Because there are more cheap ones available, and you're looking for cheap ;-)

Otherwise, the material really doesn't matter that much.

Why do you prefer aluminum?


----------



## foofighter (Dec 19, 2008)

bikesdirect SST Aluminum 369 shipped to your door or if you live in socal and ride a 52 you can buy mine


----------



## perttime (Jun 27, 2005)

Any bike (or frame) can be converted to SS. If you are lucky, you can find a magic gear; if not, a tensioner and possibly a half link will do it. Or even a "ghost ring")

(no tensioners if you want fixed gear!!!)

Find a used frame.


----------



## Akez (Aug 13, 2011)

JCavilia said:


> Because there are more cheap ones available, and you're looking for cheap ;-)
> 
> Otherwise, the material really doesn't matter that much.
> 
> Why do you prefer aluminum?


Its what I'm used to. Never owned a steel bike or carbon.


----------



## Akez (Aug 13, 2011)

foofighter said:


> bikesdirect SST Aluminum 369 shipped to your door or if you live in socal and ride a 52 you can buy mine


I ride a 52. Would you ship it (shipping $ would be on me of course)?


----------



## mtnroadie (Jul 6, 2010)

Buy a used bike on CL and convert it yourself. I have done this many times works out great. 

If you dont want to do it your self there is bound to be a bike flipper posting on your local CL that has done it for you. Just make sure it is someone that did it right complete overhaul, new parts for what wears out, no rust etc... If its some local townie douche bag reselling bikes he found at the dump with the same junk tires and cables it came with 30 years ago for a ridiculous price ... i would pass.

Also give a steel bike a try, you will be amazed at how smooth and supple the ride is. There is a reason why the vast majority of the hippster SS/fixie crowd ride vintage steel frames... I personaly wont ride aluminum on my road bikes.

I prefer the ride quality of my steel bike over my carbon steed.


----------



## Akez (Aug 13, 2011)

mtnroadie said:


> Buy a used bike on CL and convert it yourself. I have done this many times works out great.
> 
> If you dont want to do it your self there is bound to be a bike flipper posting on your local CL that has done it for you. Just make sure it is someone that did it right complete overhaul, new parts for what wears out, no rust etc... If its some local townie douche bag reselling bikes he found at the dump with the same junk tires and cables it came with 30 years ago for a ridiculous price ... i would pass.
> 
> ...


I will be riding this bike on team training rides, and sometimes during training races. I need something lighter, and I'm probably wrong about a lot of steel, but in my experience, the alum ive used is lighter then steel.


----------



## perttime (Jun 27, 2005)

There's nothing particularly wrong with aluminum, except steel seems to be the fashionable thing in the non-racing fixie/SS circles. Depending on rider (weight and power) some steel frames can be too flexy when you really step on it. 

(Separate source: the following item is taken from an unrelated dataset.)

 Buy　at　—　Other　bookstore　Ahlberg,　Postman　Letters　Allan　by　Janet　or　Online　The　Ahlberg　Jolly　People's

One of the nicest looking converted bikes I've seen was a Cannondale alu road bike (I forget which model) The owner had found a magic gear that was just right for him.


----------



## JCavilia (Sep 12, 2005)

*lighter, maybe, a little*



Akez said:


> I will be riding this bike on team training rides, and sometimes during training races. I need something lighter, and I'm probably wrong about a lot of steel, but in my experience, the alum ive used is lighter then steel.


Might be a pound of difference in typical frames, maybe less. Hardly enough to notice. SS bikes are inherently lighter than comparable geared bikes anyway, just because of the missing parts. Honestly, if you're looking to economize, I'd ignore the frame material issue. It really doesn't matter that much.

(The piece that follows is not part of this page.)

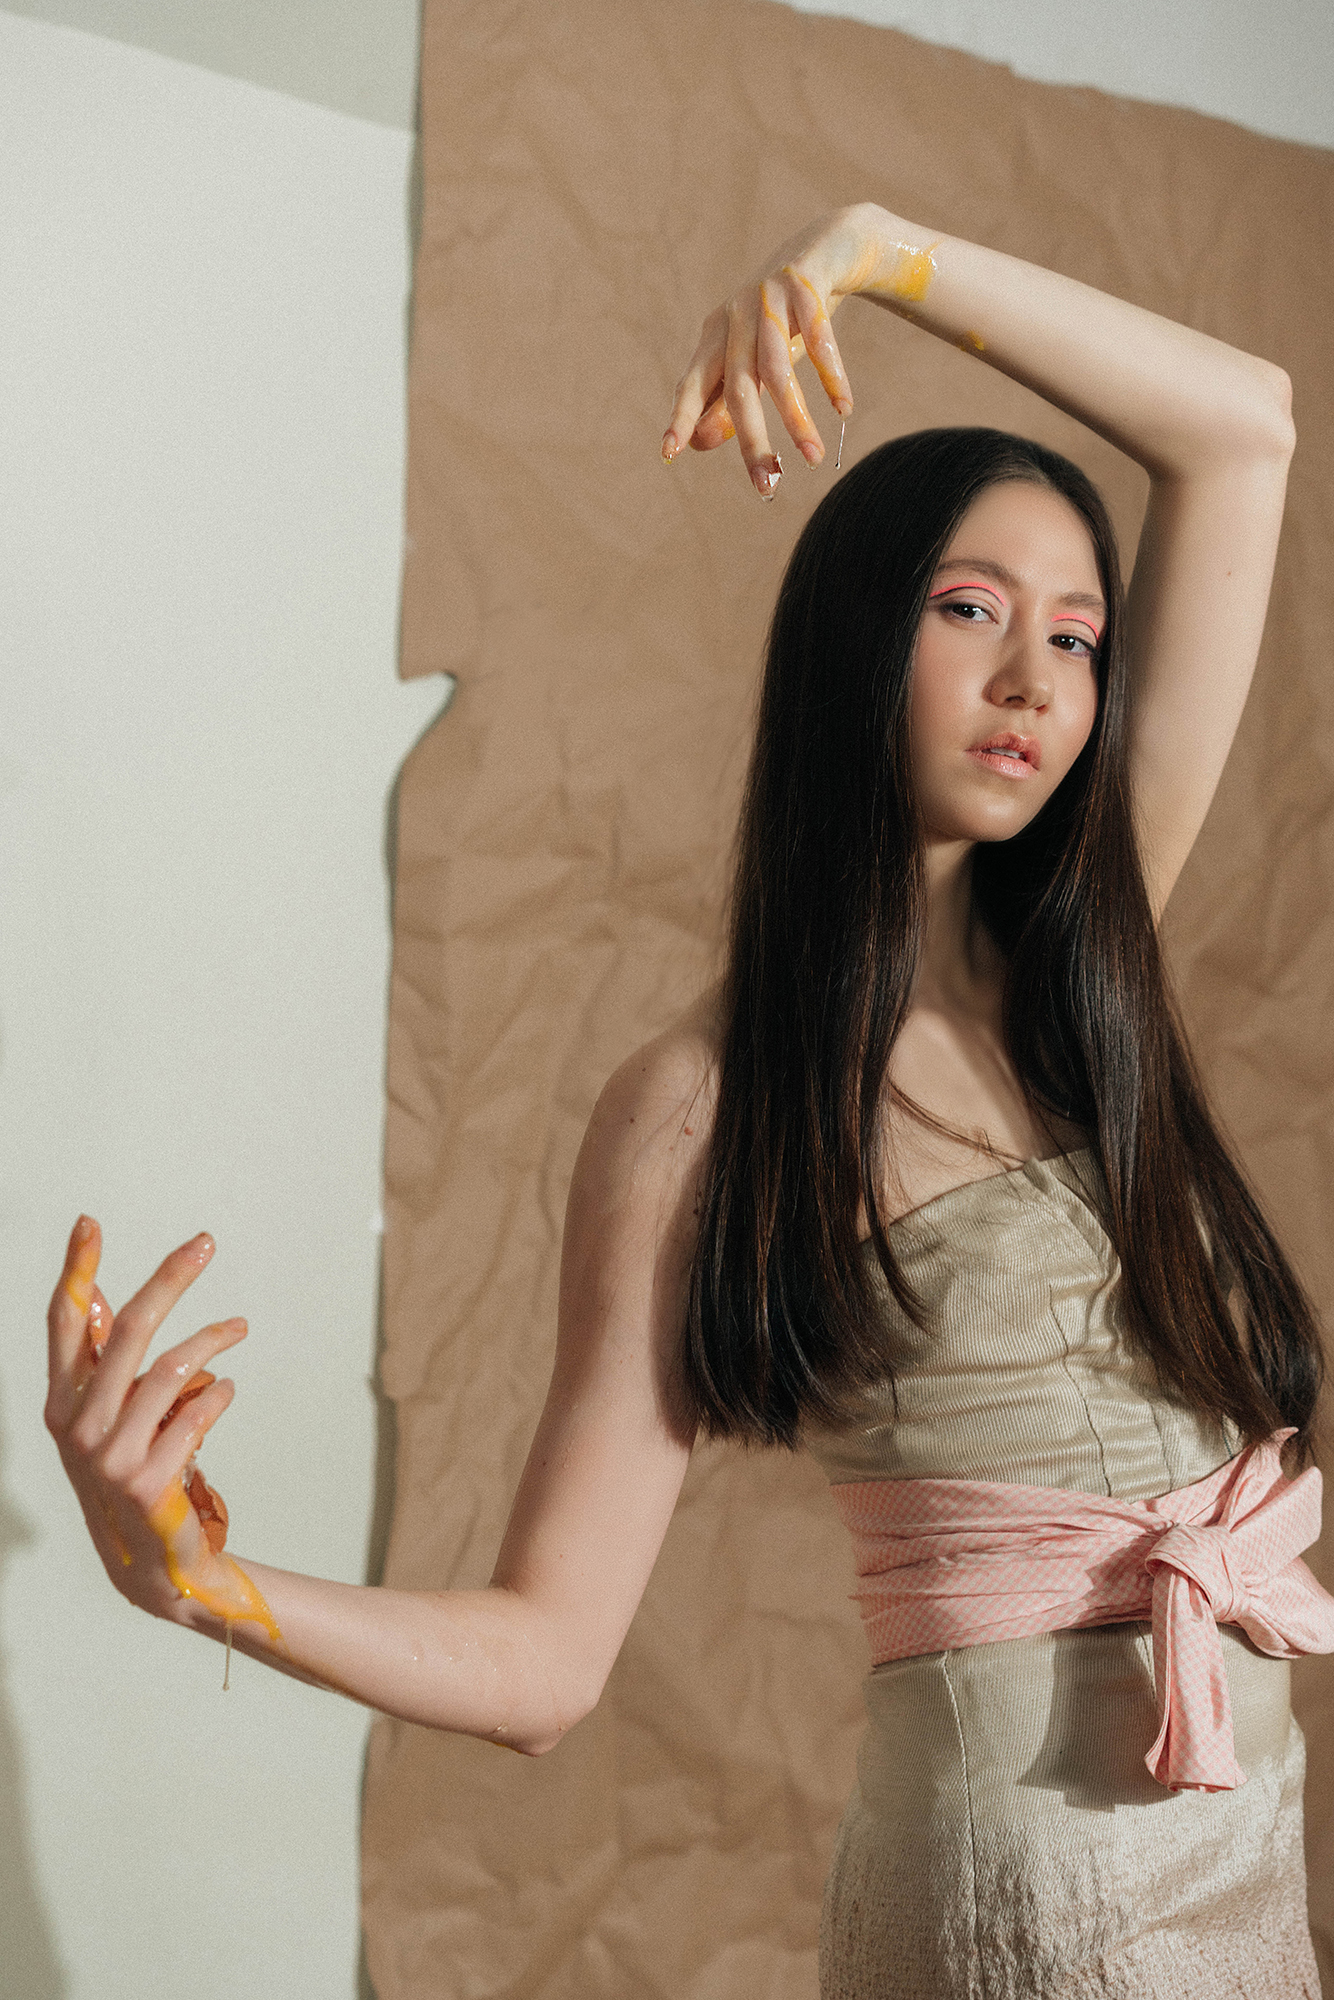 Wallflower - Editorial by Stacie Yue

You haven't responded to the conversion suggestions. Are you just not into that, and would prefer to buy a complete bike? If that's the case, you can tell people to stop wasting your time discussing it


----------



## Cbookman (Jul 2, 2009)

I just bought the nashbar nekkid frame this morning to build a commuter out of. It's aluminum, and was cheap. I'll likely have over $300 into it when finished, not including fenders/lock, but I'll be sure to let you how I feel about it when it's finished. I believe the completes are going for < $300 too.


----------



## sandman_os (Aug 25, 2011)

I just acquired a 1981 Fuji Sports 12 (for free) does any one have any thoughts on converting this to SS I always liked the clean look of a ss.


----------



## JCavilia (Sep 12, 2005)

sandman_os said:


> I just acquired a 1981 Fuji Sports 12 (for free) does any one have any thoughts on converting this to SS I always liked the clean look of a ss.


My thought is Yes! Do it. If you want to ride a SS, that is. Clean looks aren't worth much if you don't enjoy riding it. I assume .you do.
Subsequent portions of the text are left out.